Enfin, un dernier point important dans cette partie de discussion concerne les structures et mécanismes impliqués dans l’augmentation de l’excitabilité corticospinale lors de la marche de précision. Le but de la thèse était de mettre au point une tâche de marche capable de favoriser davantage l’utilisation du contrôle volontaire. Étant donné que M1 reçoit de nombreuses afférences de différentes structures (Figure 6.1), et considérant qu’il apparait comme étant le point de convergence de ces afférences dans le contrôle descendant (Purves et al., 2001), la stimulation a été effectuée au niveau de cette structure. Concernant son implication dans la tâche de précision, il est bien connu qu’il participe au contrôle des mouvements fins et à l’exécution du mouvement lors d’une modification volontaire de la marche (Beloozerova & Sirota, 1993; Drew et al., 1996). Il parait donc évident que celui-ci participe activement lors la tâche de précision. Considérant l’influence du PPC sur M1 et son rôle dans la planification du mouvement lors d’une tâche qui requiert la vision afin de se déplacer (Drew & Marigold, 2015), il se peut aussi qu’il soit impliqué dans la tâche de précision. De plus, dû à son rôle dans la coordination du mouvement, à l’adaptation du patron locomoteur, ainsi que dans l’apprentissage moteur (Thach, 1998; Ito, 2000; Morton & Bastian, 2004), il est fort possible que le cervelet soit également impliqué. Une autre structure qui influence M1 et qui peut être activée lors de la tâche est le cortex somatosensoriel primaire. En effet, celui-ci reçoit des informations du retour sensoriel cutané et proprioceptif, et il a été montré que ces afférences sensorielles étaient notamment impliquées dans des tâches de marche plus challengeantes afin de guider les jambes

lors du mouvement (Malik et al., 2017; Pearcey & Zehr, 2019). D’autres structures telles que les ganglions de la base et le cortex pré-moteur influencent aussi M1, toutefois, leur possible rôle dans une tâche de marche de précision reste encore à éclaircir (Drew & Marigold, 2015). Un autre point important concerne le rôle de la charge cognitive dans la modulation des MEPs. Bien qu’il ne s’agisse pas d’une tâche cognitive, la transformation visuomotrice impliquée ainsi que l’attention exigée lors de la marche de précision pourraient participer à augmenter l’excitabilité corticospinale (Koenraadt et al., 2014). Enfin, il est connu que la TMS effectuée au niveau du M1 peut activer les structures sous-corticales et spinales (Petersen et al., 1998; Petersen et al., 2001; Fisher et al., 2012). Considérant leur rôle important dans le contrôle de la marche (Nielsen, 2003; Drew et al., 2004), il se peut que ces structures soient aussi impliquées dans la tâche, plus particulièrement pour initier la marche et générer la rythmicité des mouvements, et aient ainsi participé à l’augmentation de l’excitabilité corticospinale.

Figure 6.1. Structures impliquées dans la planification et l’exécution du mouvement.

Figure adaptée de Drew et Marigold (Drew & Marigold, 2015). Le cortex moteur primaire (en vert) est la principale cible de notre étude. Les structures pouvant aussi être impliquées dans la tâche de précision à la marche sont représentées en gras.

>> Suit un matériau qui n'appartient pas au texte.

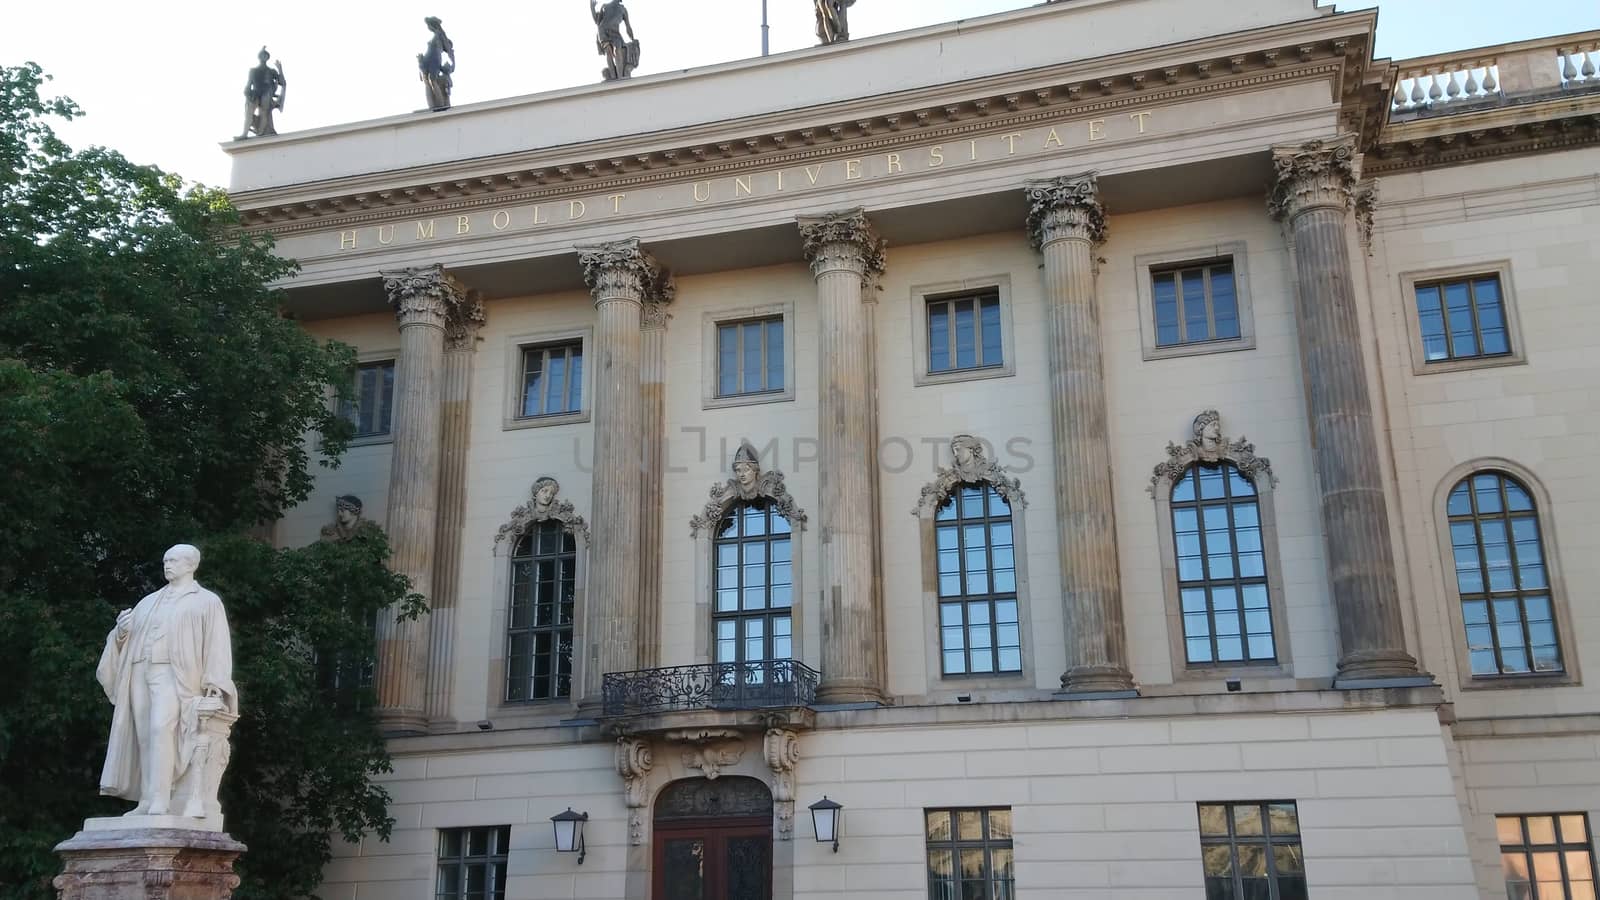 Famous Humboldt University in Berlin by Lattwein

En conclusion, cette thèse démontre que le fait de réaliser la tâche de précision suffit à augmenter l’excitabilité corticospinale chez des sujets en santé et des individus avec une LMi. Des facteurs, tels que la performance ou un effet d’apprentissage pendant la tâche, peuvent toutefois moduler cette augmentation. Il est aussi important de mentionner qu’il est possible de solliciter la voie corticospinale chez les patients indépendamment de leur niveau de douleur et de leur capacité

ambulatoire ou leur niveau/type de lésion incomplète. Enfin, bien que les études de cette thèse ne permettent pas de conclure sur la contribution relative des différentes structures dans la tâche, il est tout de même possible de suggérer qu’une tâche de marche de précision requière une intégration complexe de plusieurs structures afin d’effectuer le mouvement approprié.